**Problem to work on:** From the line that contains "J. Crew Blue" through the line that contains "Renault Avec", output every line of the listing below exactly and leave out all the rest.

**Exercise data:**
______
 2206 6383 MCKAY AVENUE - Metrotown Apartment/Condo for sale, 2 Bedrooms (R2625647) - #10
______
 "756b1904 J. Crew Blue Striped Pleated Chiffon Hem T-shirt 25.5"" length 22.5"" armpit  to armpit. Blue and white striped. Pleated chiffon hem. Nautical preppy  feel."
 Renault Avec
______
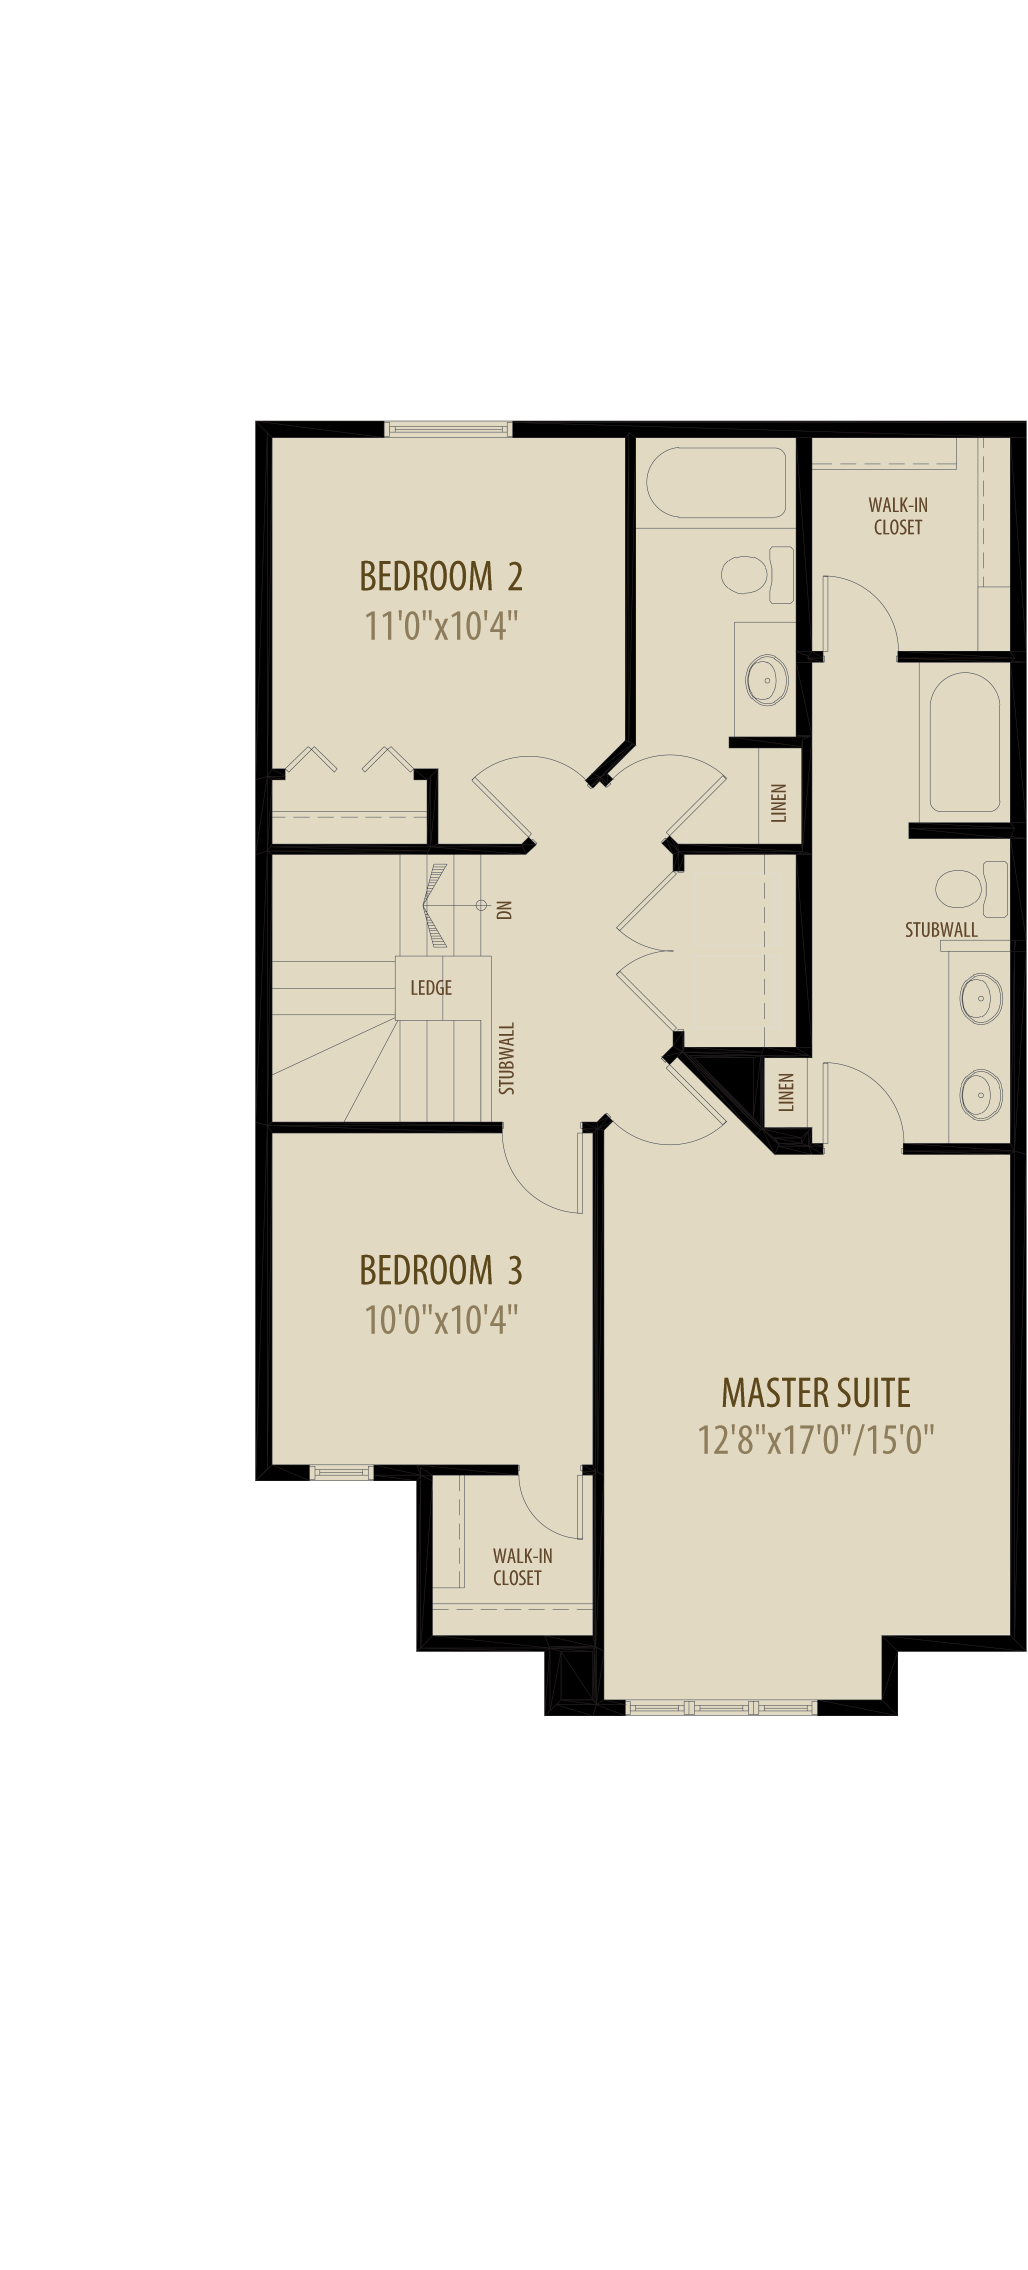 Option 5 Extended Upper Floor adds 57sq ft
______
**Solution below:**
 "756b1904 J. Crew Blue Striped Pleated Chiffon Hem T-shirt 25.5"" length 22.5"" armpit  to armpit. Blue and white striped. Pleated chiffon hem. Nautical preppy  feel."
 Renault Avec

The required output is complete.